(TASK MATERIAL begins)

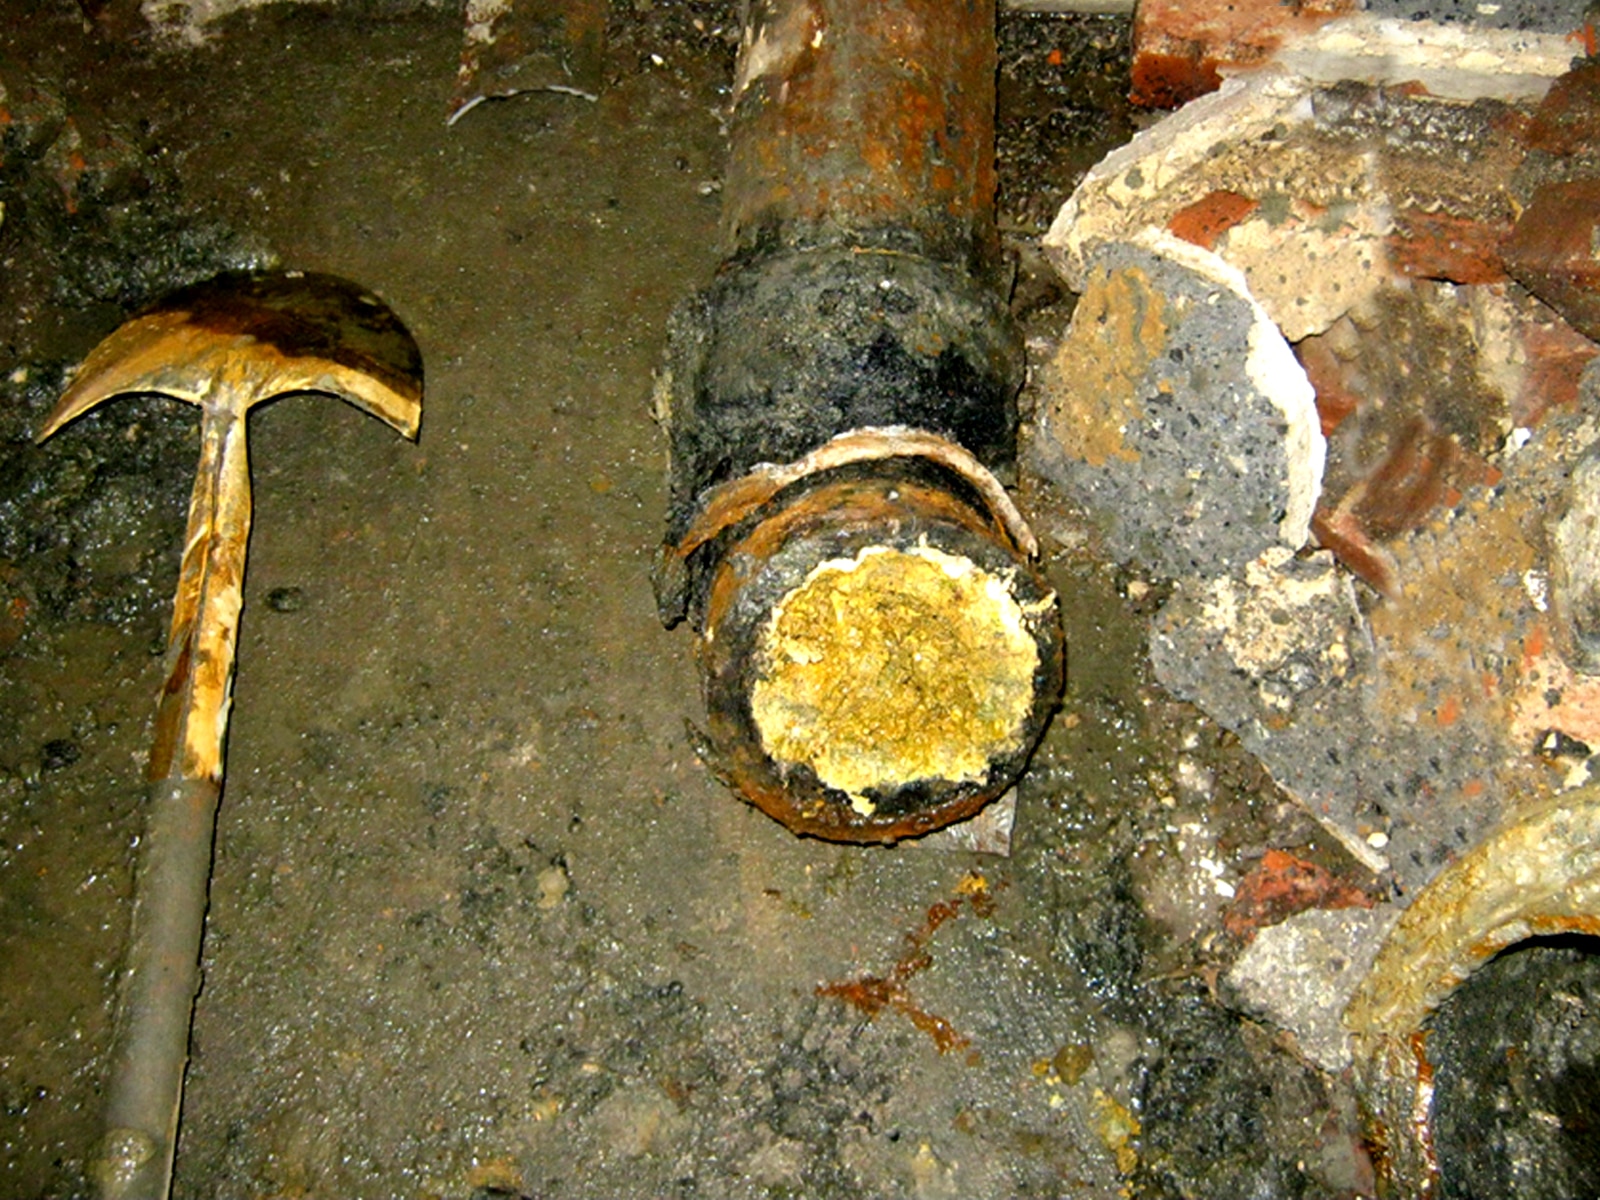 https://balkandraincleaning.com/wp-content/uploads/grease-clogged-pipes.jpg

(TASK MATERIAL ends)
(TASK MATERIAL begins)

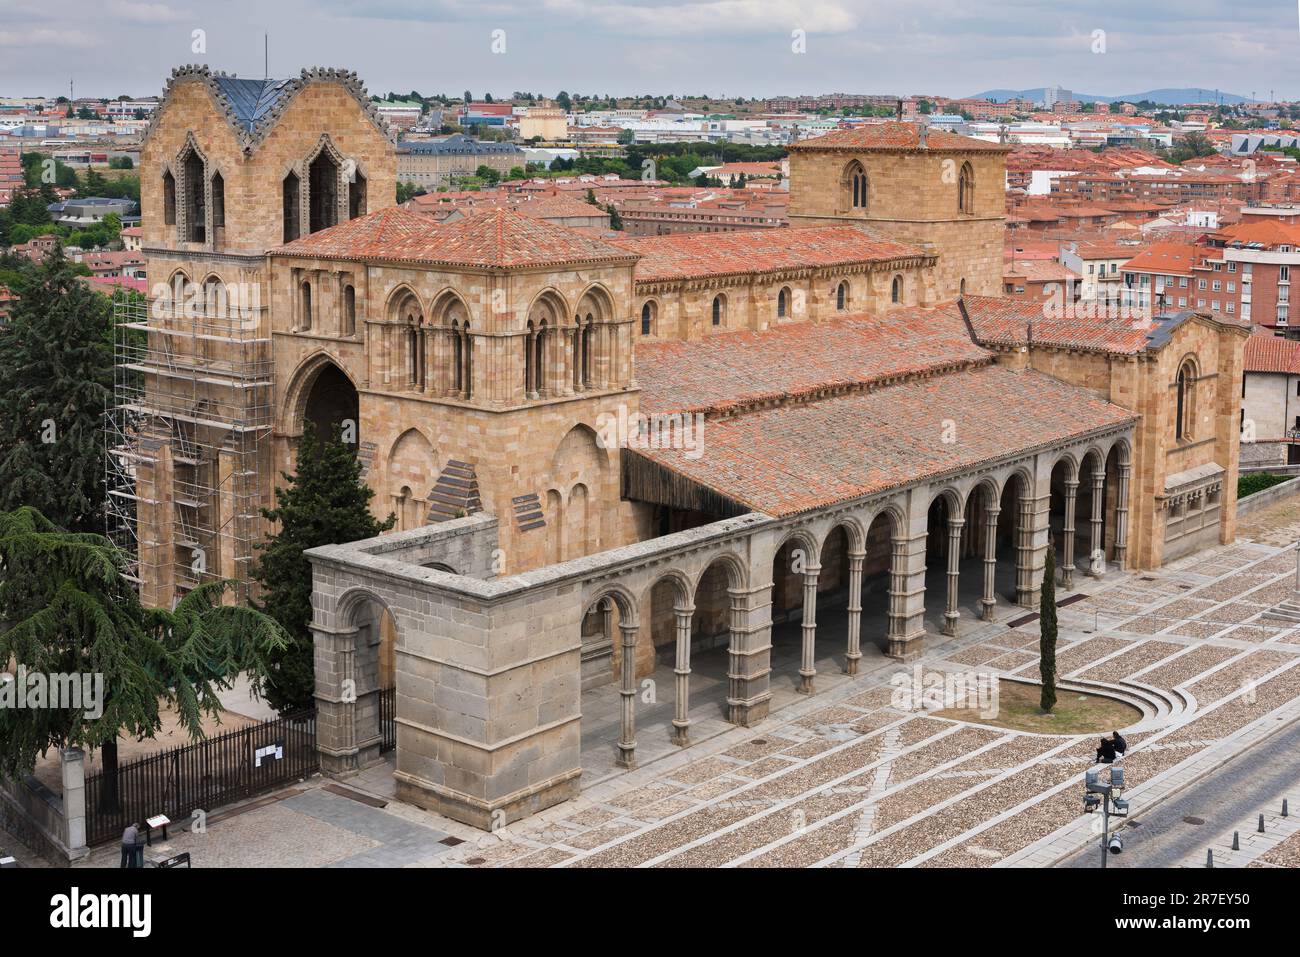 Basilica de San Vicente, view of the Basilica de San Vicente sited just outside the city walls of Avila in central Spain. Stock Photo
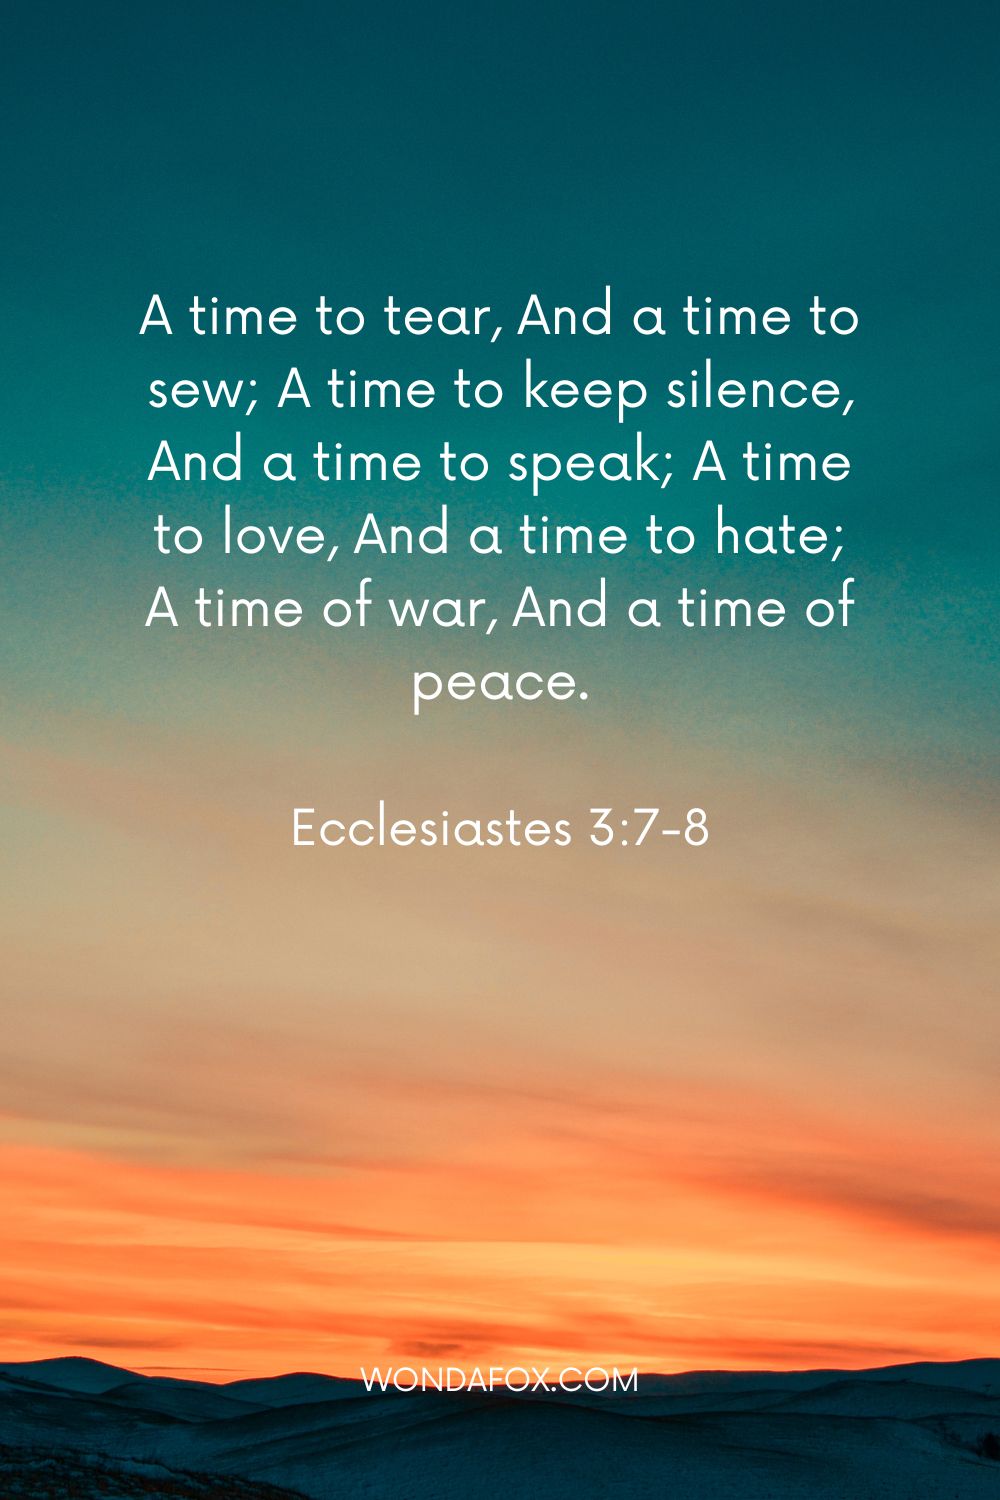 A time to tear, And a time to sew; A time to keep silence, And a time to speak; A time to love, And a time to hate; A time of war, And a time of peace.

(TASK MATERIAL ends)

EXERCISE -
Looking at the listing above, which lines run from the one containing "Basilica de San Vicente, view" through the one containing "A time to tear, And"? Print exactly those, ends included, pictures excluded.

PROBLEM SOLUTION -
 Basilica de San Vicente, view of the Basilica de San Vicente sited just outside the city walls of Avila in central Spain. Stock Photo
 A time to tear, And a time to sew; A time to keep silence, And a time to speak; A time to love, And a time to hate; A time of war, And a time of peace.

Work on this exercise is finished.